◆ Material shown
——
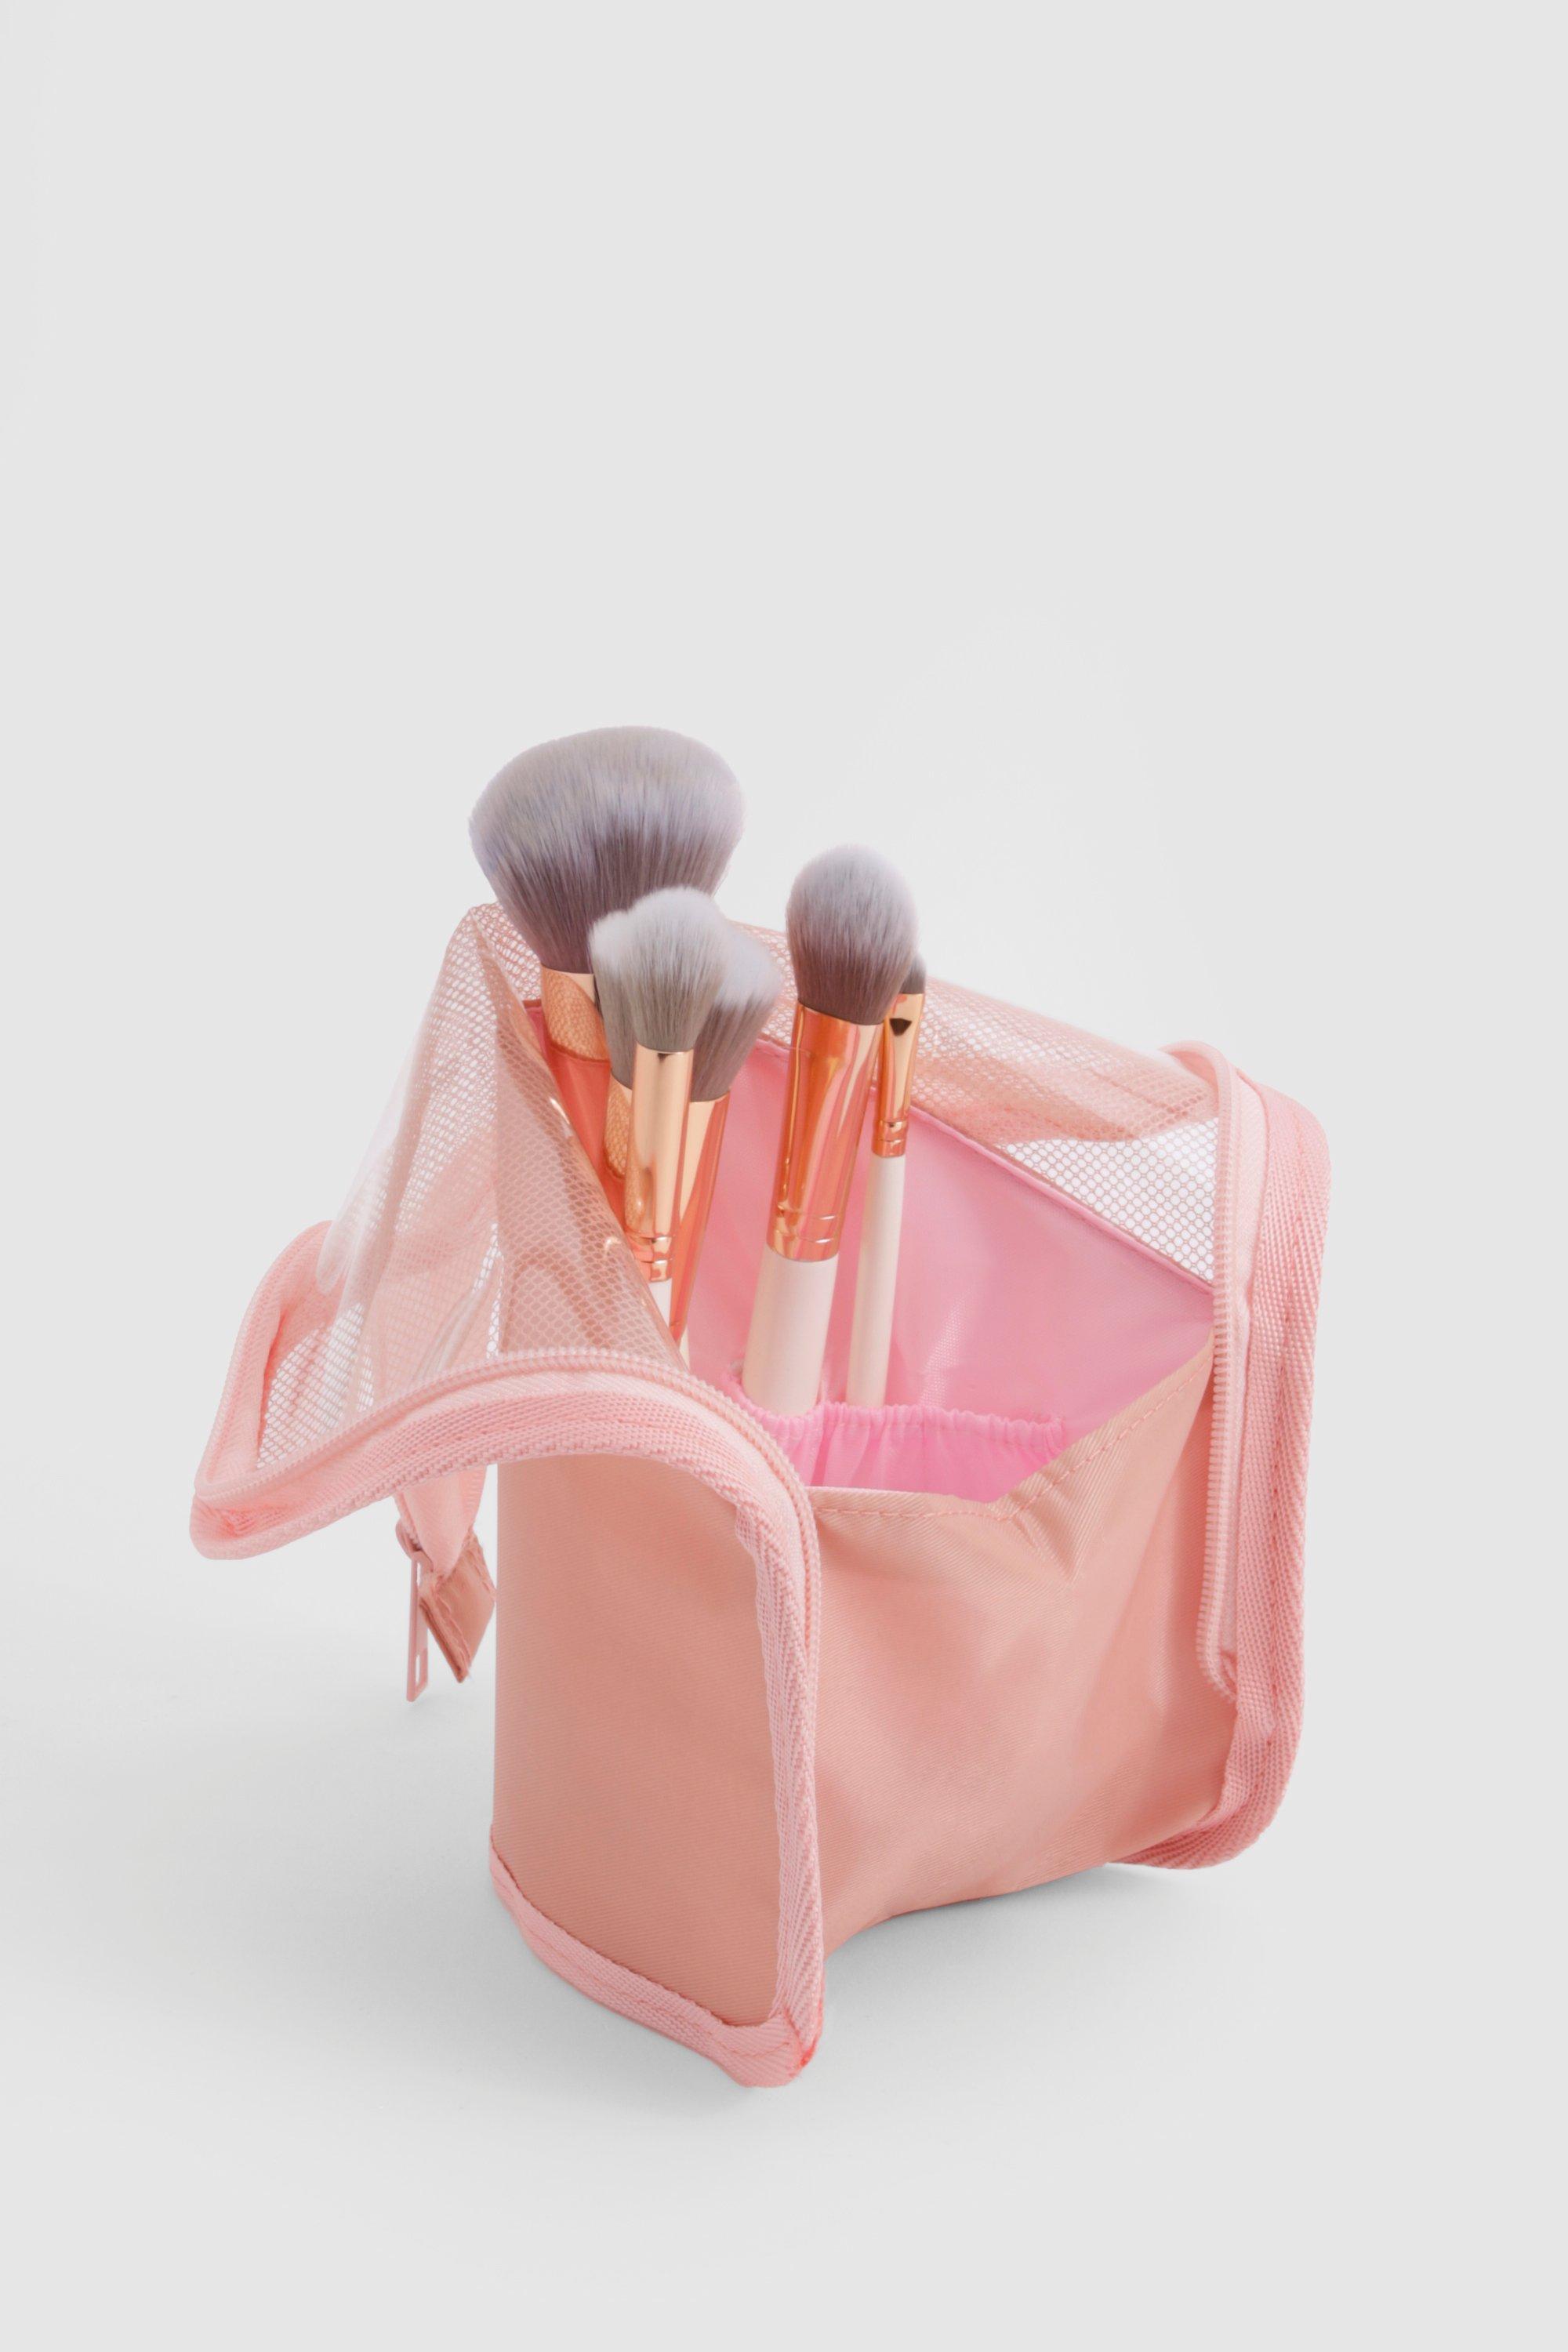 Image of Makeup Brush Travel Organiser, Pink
——
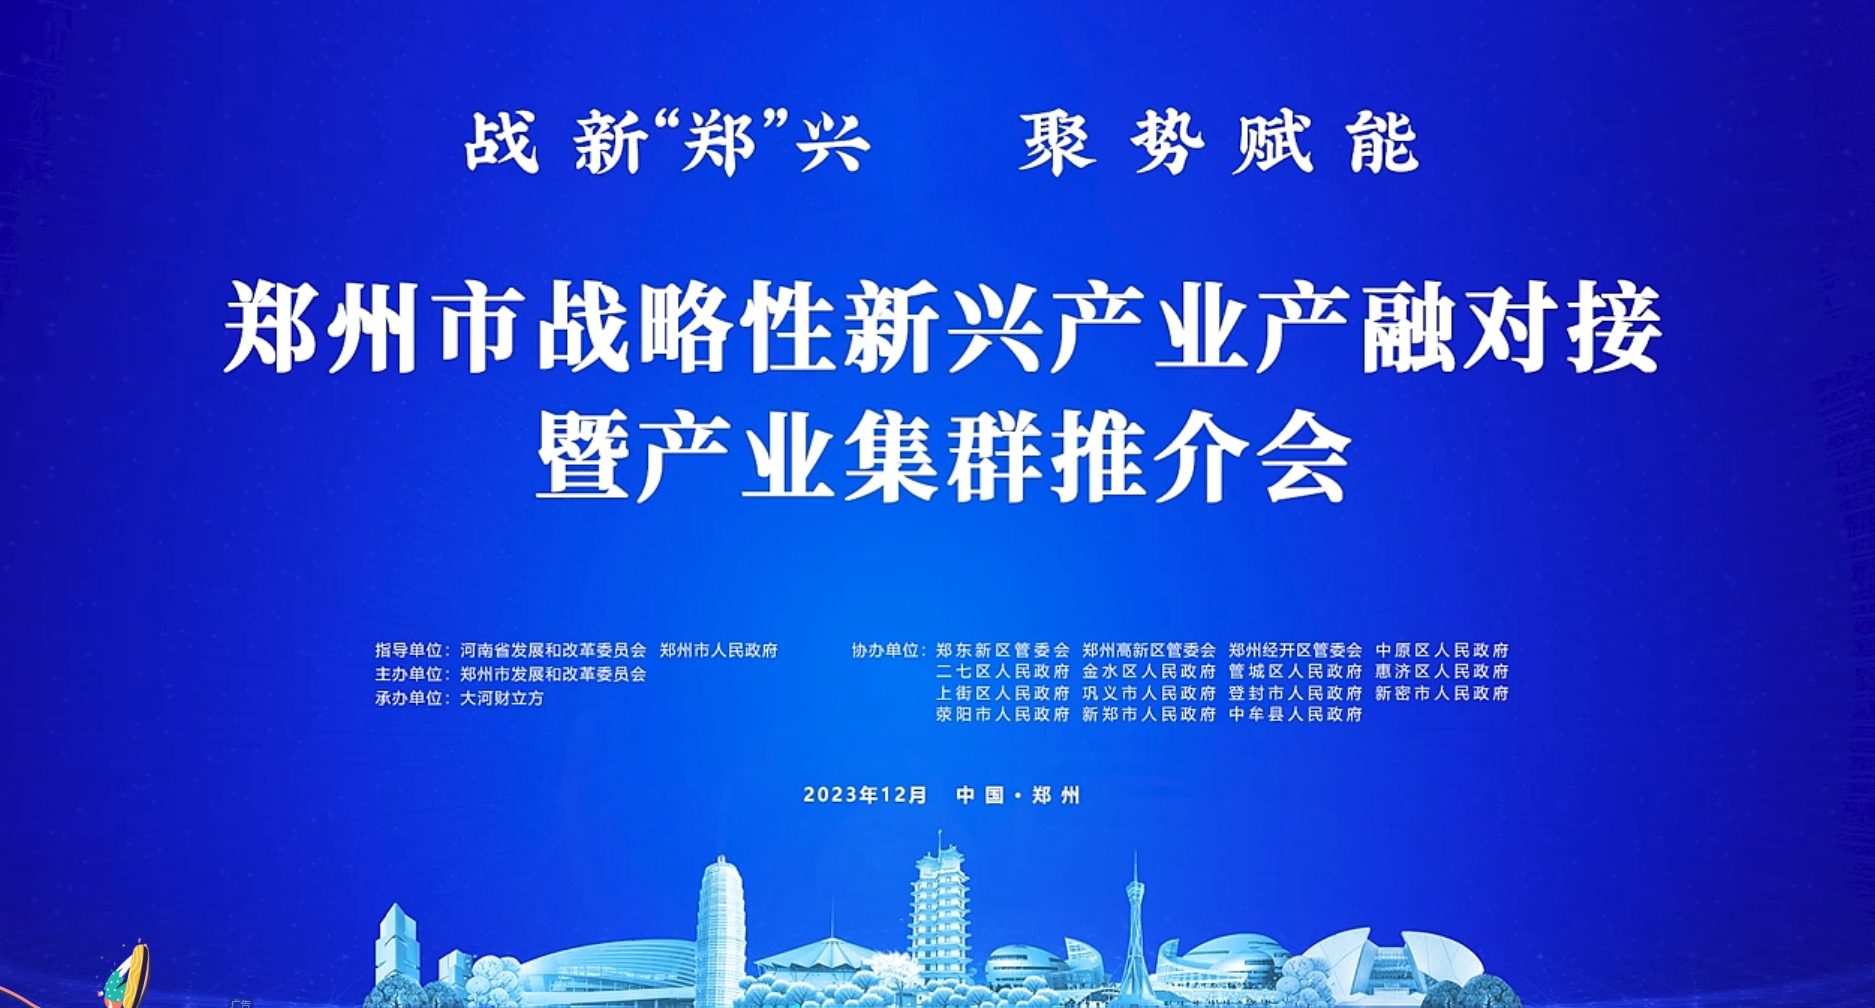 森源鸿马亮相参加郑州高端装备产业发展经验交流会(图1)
——
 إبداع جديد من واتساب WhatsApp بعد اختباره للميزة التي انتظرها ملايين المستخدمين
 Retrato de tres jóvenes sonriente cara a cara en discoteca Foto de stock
——
◆ Problem details
Word for word, restate the lines above from the line containing "إبداع جديد من" through the line containing "Retrato de tres", with both included and nothing else.

◆ Solution
 إبداع جديد من واتساب WhatsApp بعد اختباره للميزة التي انتظرها ملايين المستخدمين
 Retrato de tres jóvenes sonriente cara a cara en discoteca Foto de stock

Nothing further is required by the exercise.